В Чечне муллы «окружных деревень» подчинялись, как правило, кадиям аулов «многолюдных». В крупных аулах, где было несколько мечетей, один из мулл избирался в кадии: «первенствующий в селении называется кади, т. е. судья; на место умершего духовного избирается старейшими в фамилии другой достойный, причем не уверяются, той ли он фамилии или другой, лишь бы был природный чеченец» [11. С. 43]. Кадии специализировались в области мусульманского права (шариата) и выполняли функции судей [1. Л. 26-27]. При этом в функции кадия входил надзор за муллами не только, как мы отметили выше, в учебном процессе, но и за исполнением их обязанностей в деле отправления культа [1. Л. 35]. От духовного сословия «всегда зависит политическая судьба людей на Востоке» [33. С. 39]. Не исключением стали и социальные отношения в горской среде. Лица духовного звания были выразителями воли правящих кругов и на Кавказе, а мусульманское духовенство неизменно занимало весьма влиятельные позиции у горцев, обращенных в ислам [47. С. 8]. Современники отмечали: «Все представители культа имеют большое влияние на население» [14. С. 231]. Несмотря на эгалитарные порядки в чеченском обществе, ряд исследователей отмечают, что чеченцы находились в экономической зависимости у духовенства. По мнению очевидца, «чеченцы не имеют владельца, а управляются семейственно, под
малою по наружности зависимостью от духовных» [26. С. 91]. Не подлежит сомнению, что значение мусульманского духовенства если и не было главным, то, по крайней мере, во многом определяющим. «Важную роль в чеченском обществе XIX в. играло мусульманское духовенство (муллы и кадии)», — отмечает современный исследователь Ш.А. Гапуров [22. С. 47]. Этот тезис подтверждает и источник — «Мнения и записки Н. С. Мордвинова о способах, коими России удобнее можно привязать к себе постепенно кавказских жителей», где автор подчеркивает, что «магометанство преимуществует надо всеми. Попы магометанские, муллы имеют в народе власть, они наставники и судьи» [2. Л. 23]. Экономической основой их влияния были находящиеся при мечетях пашня (вакуф), покосы, скот, а также закят, или пожертвования. Часть пожертвований, а также прибавочный продукт сельского хозяйства духовенство использовало по своему усмотрению и таким образом сосредотачивало в своих руках немалые богатства. Вакуф-ные земли существенно различались по размеру и нередко соответствовали экономическим показателям крупных феодальных имений.

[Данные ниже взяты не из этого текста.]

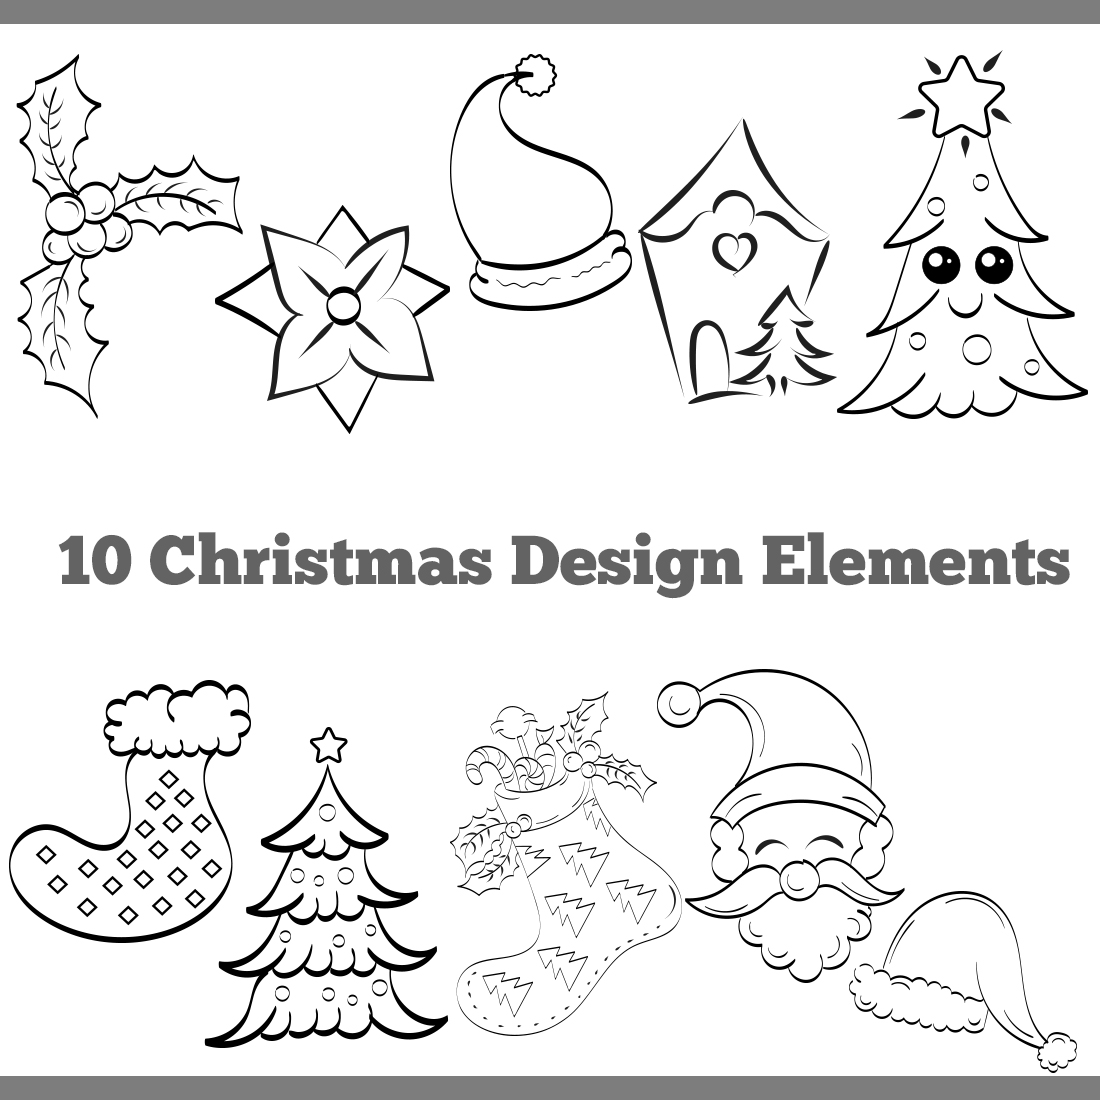 A selection of irresistible hand-drawn images on the New Year theme.

Кроме того, обработкой мечетских земель и уходом за животными занимались рядовые верующие, не получая материального вознаграждения. Часть доходов складывалась в качестве платы за обучение детей грамоте в школах при мечетях.
Муллам и кадиям отводилась важная роль в гражданском управлении и в особенности в отношении суда, однако нормы мусульманского законодательства (шариата) не были еще господствующими в чеченском обществе, ряд дел решался по обычному горскому праву — адату. Но последней инстанцией в решении спорных дел оставались муллы, а не знатоки адата. «Споры решают старики, и если их решением недовольны, обращаются к духовным, и их приговор исполняют» [16. С. 35].
Помимо судебной власти в руках мулл и кадиев были и рычаги административного управления. «В каждом обществе, состоящем из нескольких селений, имеется одна главная и несколько второстепенных мечетей. При главной живет мулла, и здесь собирается общинный собор для решения духовных, общественных и административных дел» [29. С. 88]. В сельских обществах на мулл и кадиев часто возлагались административные обязанности, а там, где отсутствовали аульные правления, они вели и служебную переписку. Исполнявшее управленческие функции низшее духовенство подчинялось старшинам. В силу своей близости к народу оно оказывало наибольшее влияние на религиозный быт и политические настроения северокавказских мусульман, занимаясь не только организацией молитв в мечетях, но и ведая практически всеми сферами культурной и правовой жизни [19. С. 27]. С этим в дальнейшем считались и представители русской администрации.
Значительным было участие духовенства и в политической жизни чеченского общества, в частности, во внешнеполитических делах. Кадии и муллы были не только авторами тех или иных посланий, но и зачастую руководителями переговоров или активными их участниками.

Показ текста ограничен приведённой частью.